The "locked-in" paradox 
Second, whilst the mainstream view suggests firms should "de-risk" by decoupling from conflict zones, our analysis of "locked-in operations" reveals a more nuanced reality. Not all decisions to remain in a hostile market are fatal. The outcome depends entirely on the architecture of dependency:

Supply chain dependency (vulnerability)
Firms remaining in a high-risk zone primarily to access low-cost production or raw materials are structurally disadvantaged. Under a high-tariff regime, these cost arbitrages are eroded, leaving the firm exposed to high reputational risk with diminishing returns.

Customer dependency (the shield)
Conversely, firms "locked in" to serve a substantial local consumer base demonstrate remarkable resilience. Our findings show that stakeholders are more lenient toward firms providing essential goods or services. This "customer shield" allows embedded firms to capture market share as competitors flee, provided they can effectively articulate their social value.

Managerial imperatives for 2026 
Based on this empirical evidence, the universities propose three strategic pillars for leadership.

Fortify the foundation
Complete decoupling is often an illusion. Therefore, resilience is key.

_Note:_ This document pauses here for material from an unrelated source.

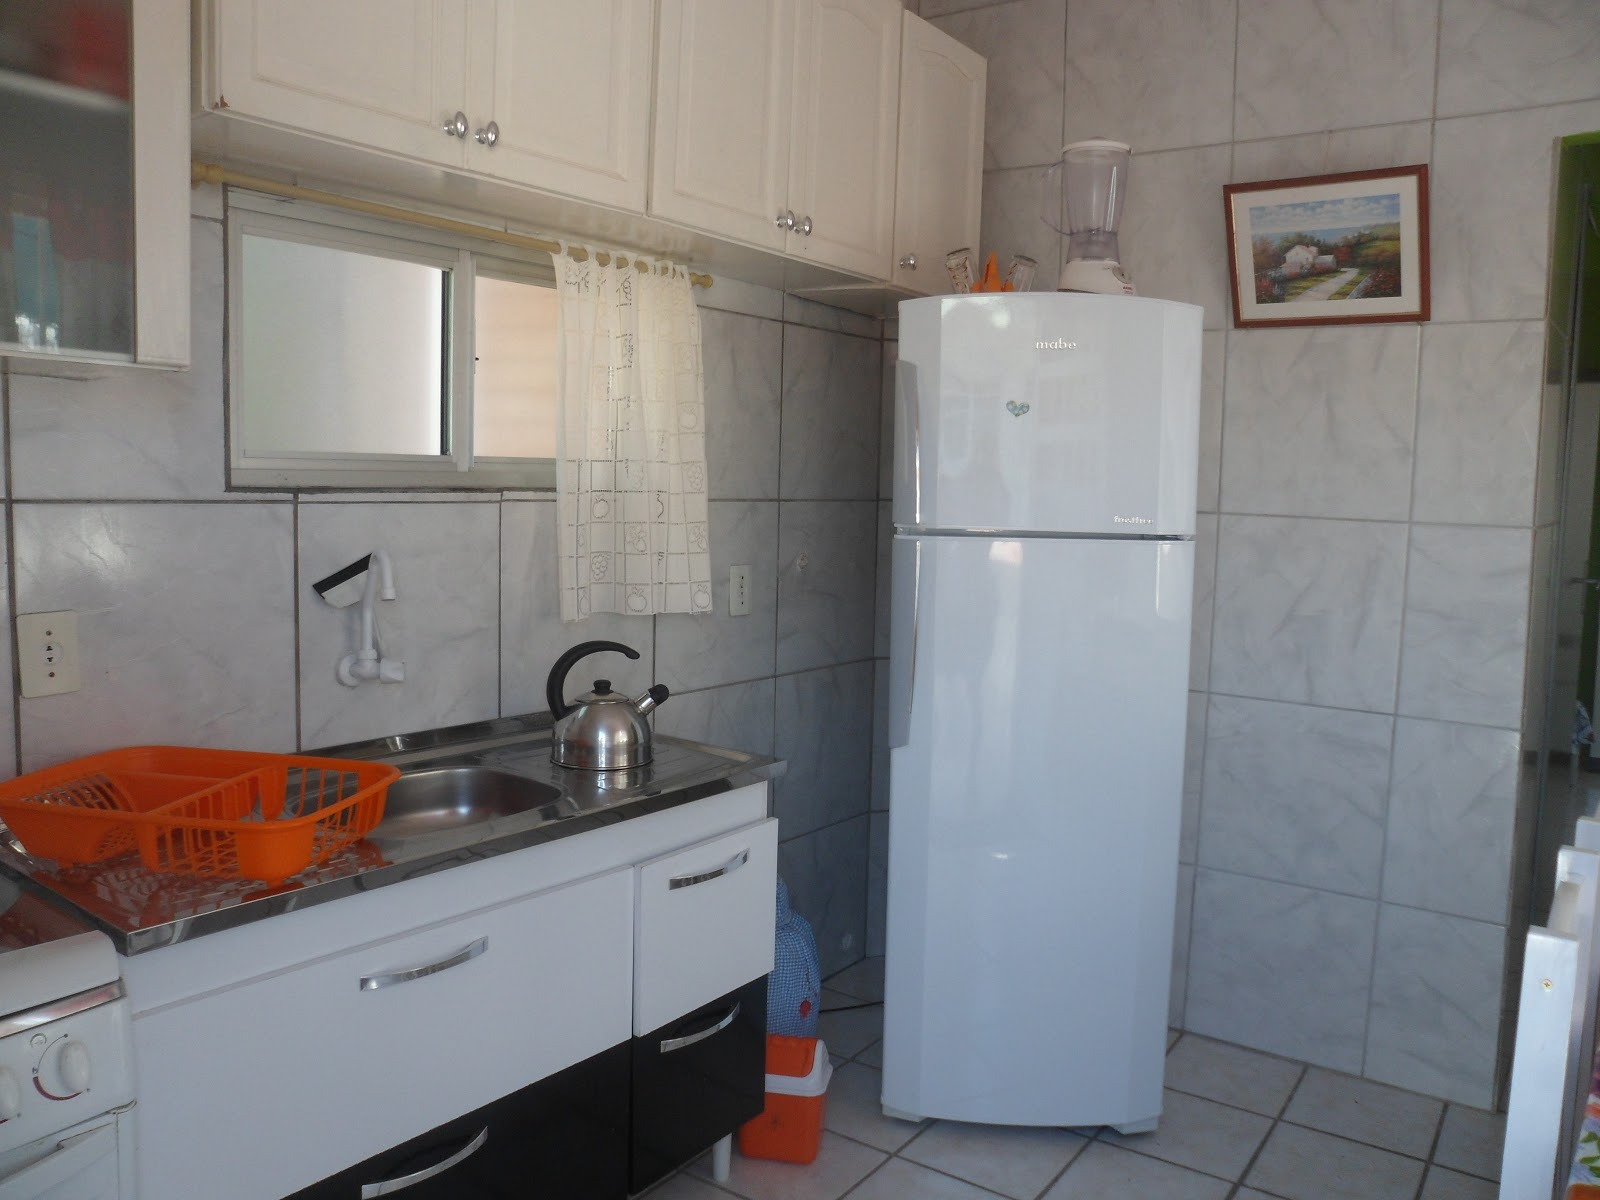 APTO PARA casal 30M DA PRAIA VERAO 2016 #703624 1600x1200 Banheiro Container Florianopolis

The research confirms that firms with high "organisational slack,” specifically unborrowed slack (low financial leverage) and operating slack (excess capacity), are significantly better equipped to absorb geopolitical shocks.

Decisive action
Data proves that firms acting swiftly post-conflict suffer less reputational damage. In 2026, indecision is the ultimate risk.

Active communication
Whether exiting or staying, the "why" matters as much as the "what." AstraZeneca, for instance, successfully navigated reputational pressure in Russia by emphasising its presence as a life-saving medical necessity. This ethical framing is the currency of legitimacy in a fractured world.

In 2026, geopolitical risk is a constant. There is no standard algorithm for exiting or staying. Instead, corporate leaders must weigh the specific nature of their dependencies, balancing ethical responsibilities with profitability to find a delicate equilibrium in a fractured world.